We note that the raster files in POLARIS are available for a 1x1 areal domain. For an analysis for a large spatial extent, multiple smaller rasters can be “stitched” together to generate a larger mosaic of rasters. We will use the terra::mosaic function to generate a mosaic of several smaller rasters of percentage clay content in 0-5 cm soil profile in Southeastern Louisiana. This function requires the user to specify the summary function (“sum”, “mean”, “median”, “min”, or “max”) to be applied on the overlapping pixels from 2 or more rasters.

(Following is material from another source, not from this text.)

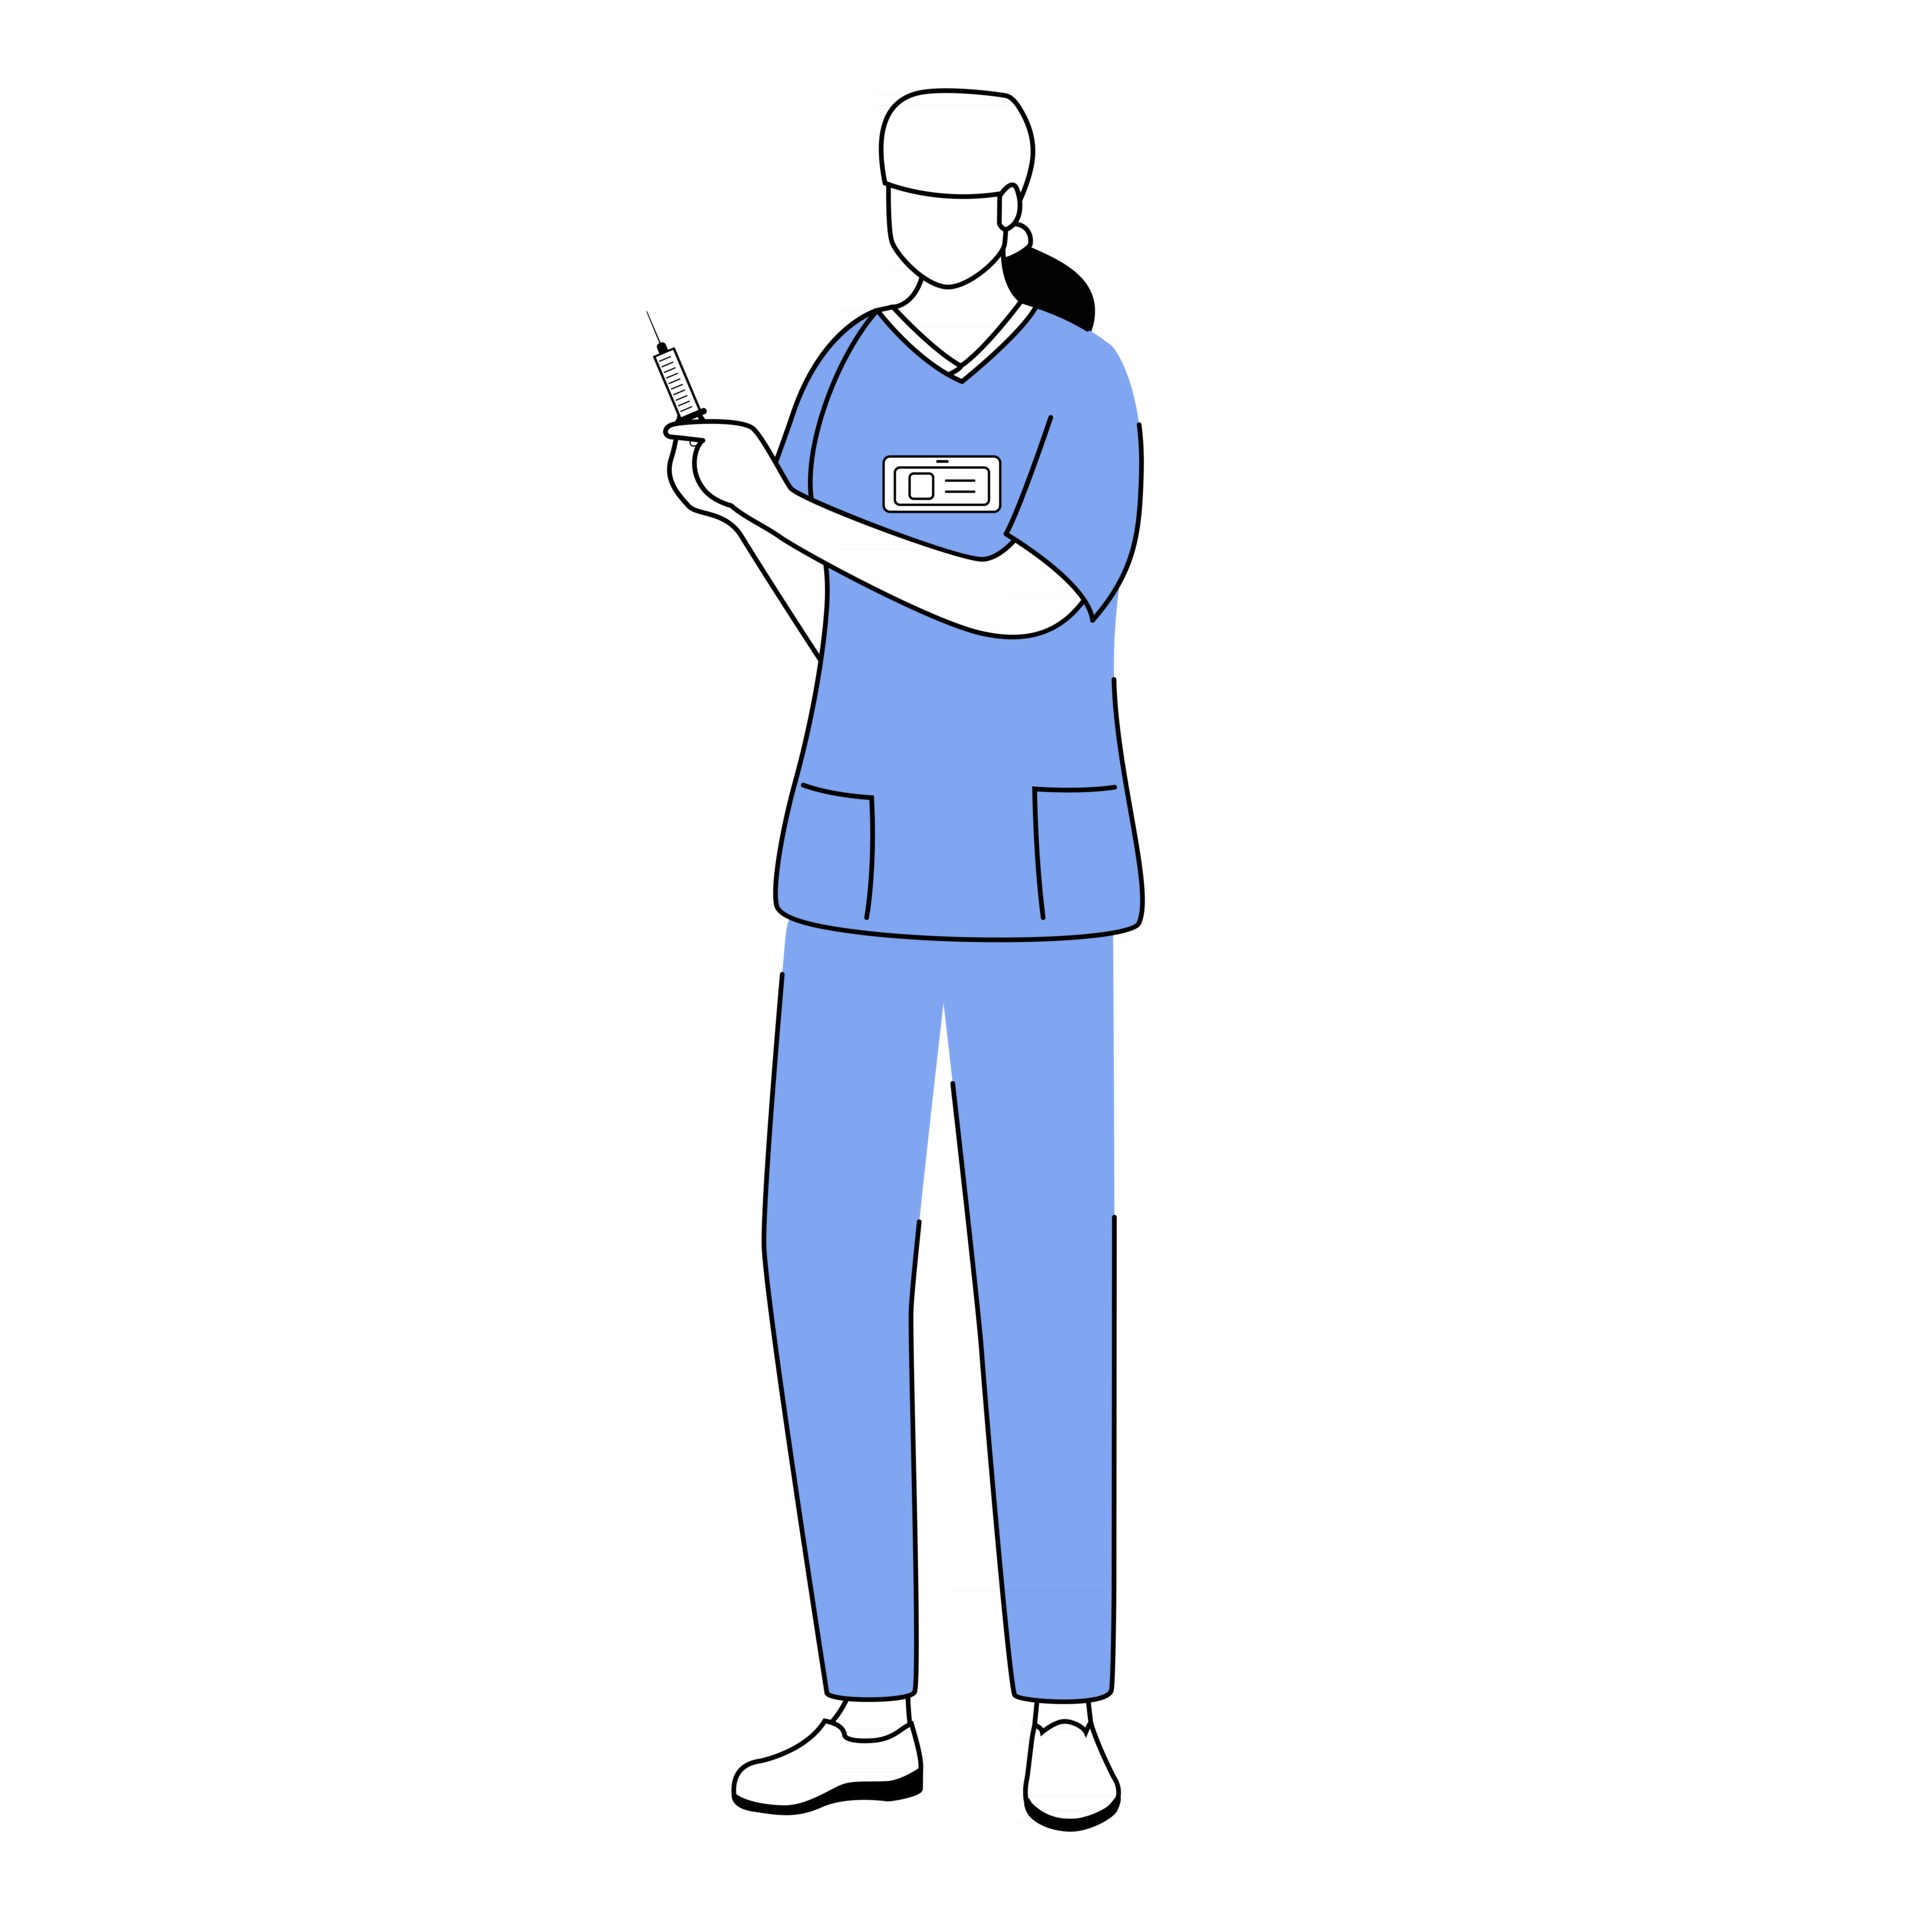 Personagem De Desenho Animado De Uma Médica Médica Ilustração do Vetor -  Ilustração de farmacêutico, enfermeira: 170859603

Let us download some more rasters from POLARIS and mosaic them together.

“Beware of the dog” mosaic (Pompeii, Casa di Orfeo) is made of several constituent pieces.
# Links to soil texture rasters 
pth2="http://hydrology.cee.duke.edu/POLARIS/PROPERTIES/v1.0/clay/mean/0_5/lat2930_lon-91-90.tif"
pth3="http://hydrology.cee.duke.edu/POLARIS/PROPERTIES/v1.0/clay/mean/0_5/lat3031_lon-90-89.tif"
pth4="http://hydrology.cee.duke.edu/POLARIS/PROPERTIES/v1.0/clay/mean/0_5/lat3031_lon-92-91.tif"

# Download the raster using download.file function
download.file(url = pth2, 
              method="curl",
              destfile = "r2.tif")  

download.file(url = pth3, 
              method="curl",
              destfile = "r3.tif")

download.file(url = pth4, 
              method="curl",
              destfile = "r4.tif")  

# Import downloaded files to workspace
r2=rast("r2.tif")
r3=rast("r3.tif")
r4=rast("r4.tif")

# DIY: Plot the downloaded raster against the map of Louisiana
# plot(LAvct)
# plot(r1, range=c(0,100), add=TRUE)
# plot(r2, range=c(0,100), add=TRUE, legend=FALSE)
# plot(r3, range=c(0,100), add=TRUE, legend=FALSE)
# plot(r4, range=c(0,100), add=TRUE, legend=FALSE)

# Raster mosaic
r_mos=mosaic(r1,r2,r3,r4, fun="mean")

# Plot raster mossaic
plot(LAvct, main="Clay % [0-5 cm depth]",axes=FALSE, col="gray90")
plot(r_mos, range=c(0,100), add=TRUE)
plot(LAvct, add=TRUE)
grid()

For easy post processing access, its a good practice to save the processed dataset on disc as either a raster or netCDF.

# Export raster to disc
terra::writeRaster(r_mos, "clayPct.tif",
                overwrite=TRUE) # Overwrite if the file already exists?

# Or export as netCDF
terra::writeCDF(r_mos, "clayPct.nc", 
                overwrite=TRUE) # Overwrite if the file already exists?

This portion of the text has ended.